What is an MCP Server?

An MCP (Model Context Protocol) Server acts as a bridge, allowing AI models to access and interact with external data sources and tools. It standardizes how applications provide context to Large Language Models (LLMs), enabling more informed decision-making and automation.

What are the key components of the MCP Server?

The MCP Server includes n8n (automation platform), Ollama (local LLM platform), Qdrant (vector store), Prometheus (monitoring), Grafana (visualization), Whisper (speech-to-text), Caddy (HTTPS/TLS), Supabase (database & auth), Flowise (AI agent builder), Open WebUI (ChatGPT-like interface), and SearXNG (privacy-focused search engine).

What are the minimum system requirements for running the MCP Server?

You need an Ubuntu VPS (tested on 22.04 LTS), a domain name with DNS access, a minimum of 16GB RAM, 100GB+ storage, and Docker/Docker Compose installed.

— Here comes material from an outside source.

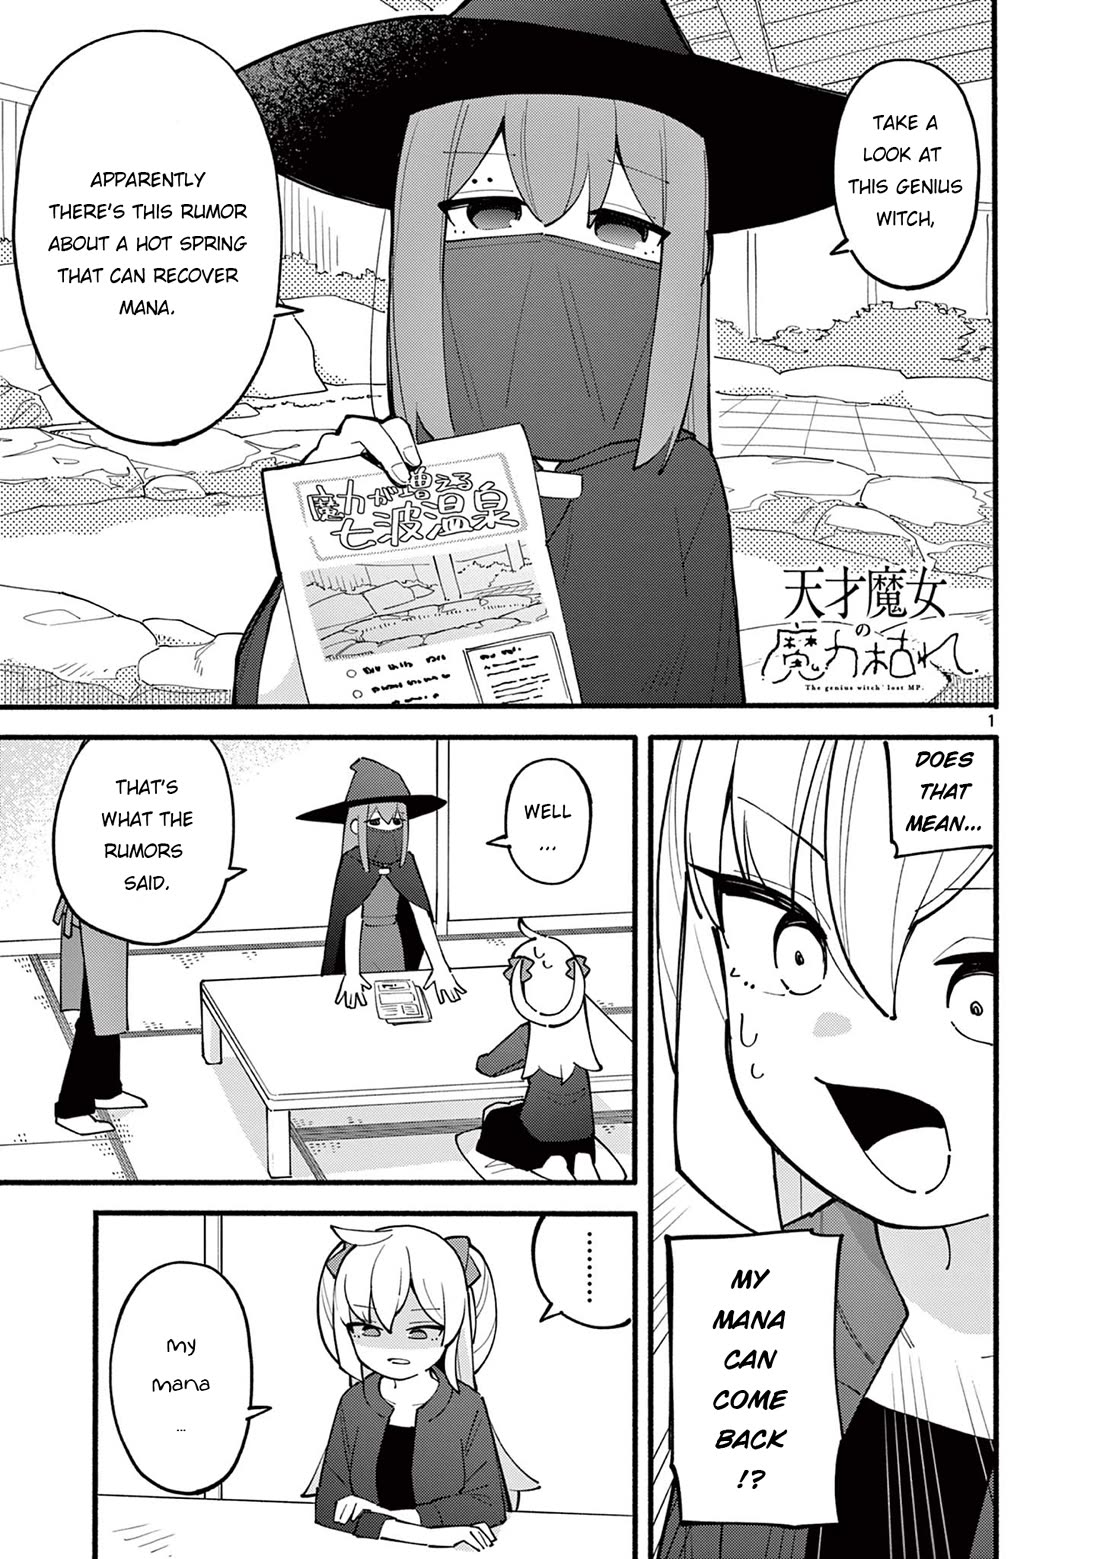 The Genius Witch Lost MP - chapter 17 - #1

How do I install the MCP Server?

Connect to your VPS via SSH, install the required packages, configure the firewall, clone the repository, run the configuration script, and use the `start_services.py` script to start the AI stack.

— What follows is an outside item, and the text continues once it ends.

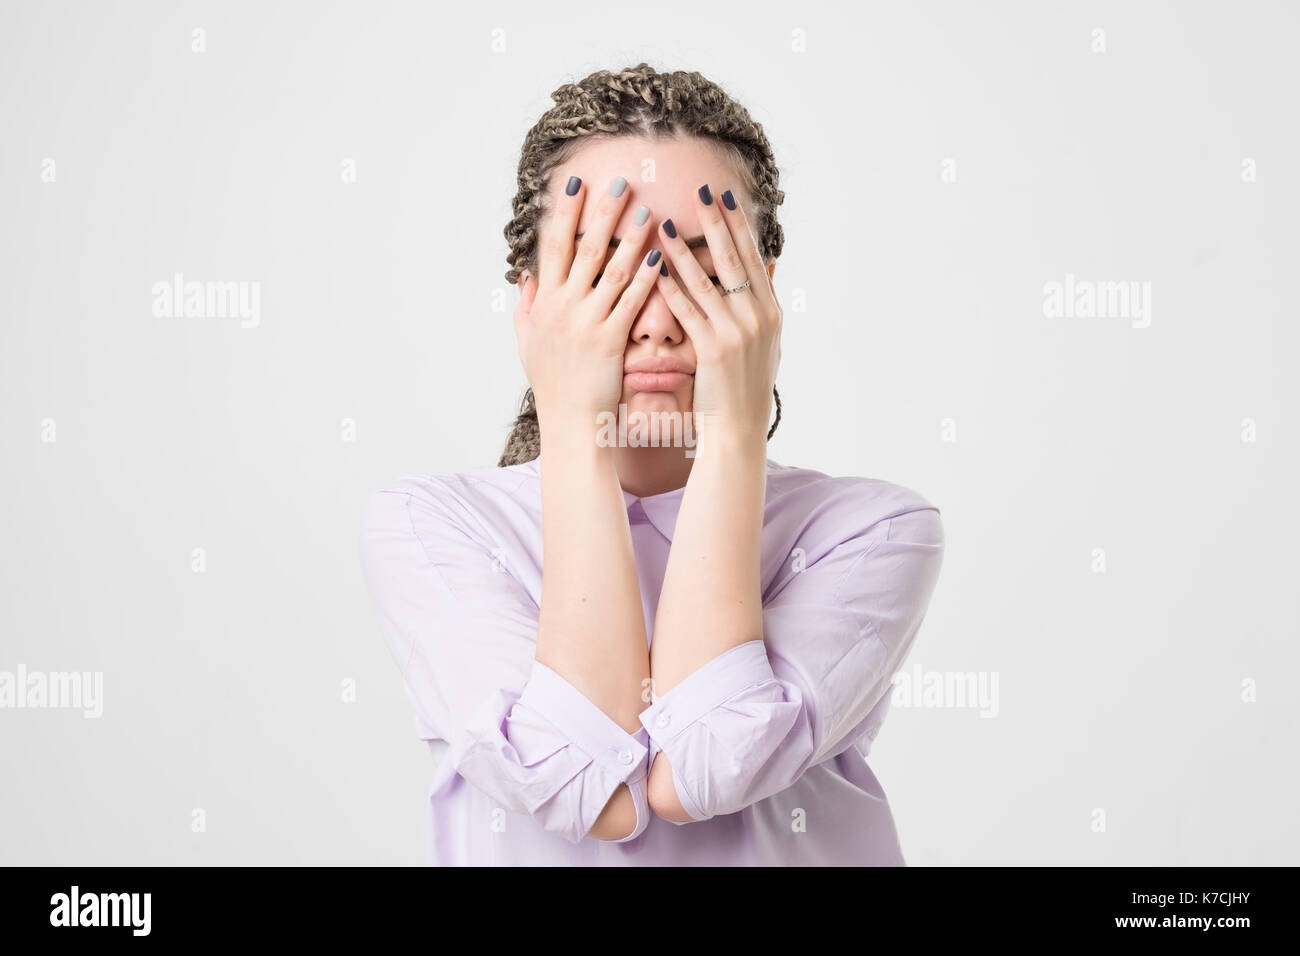 Caucasian woman covering her face with hand. Stock Photo

How do I access the different services after installation?

You can access the services via the provided URLs, such as `https://n8n.kwintes.cloud` for n8n, `https://openwebui.kwintes.cloud` for the Web UI, and so on.

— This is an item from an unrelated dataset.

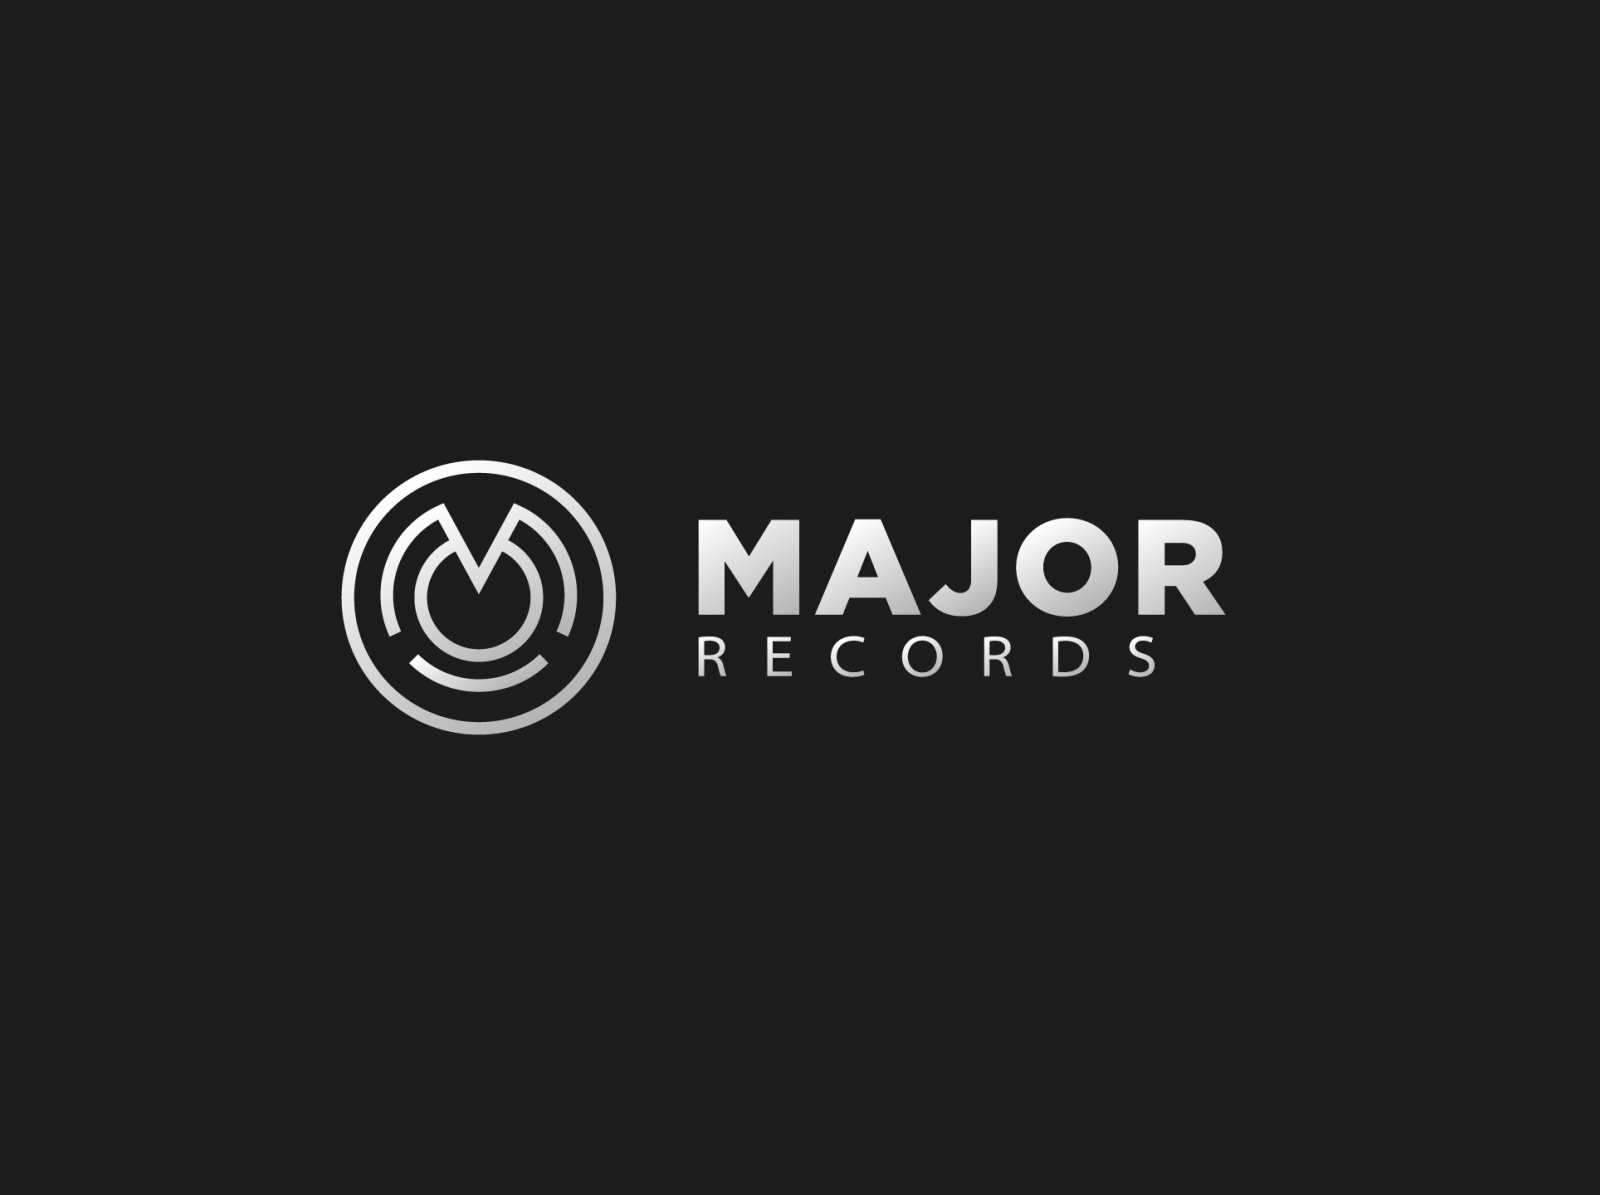 Major Records by Loner Graphics on Dribbble

How do I update the MCP Server to the latest version?

Use the provided `update_stack.sh` script to pull the latest Docker images, apply configuration fixes, and restart all services.

What if I encounter Docker Compose issues during installation?

The script automatically detects and uses the correct Docker Compose command format for your system. If you're manually running commands, use `docker compose` or `docker-compose` depending on your setup. If issues persist, install the standalone Docker Compose binary.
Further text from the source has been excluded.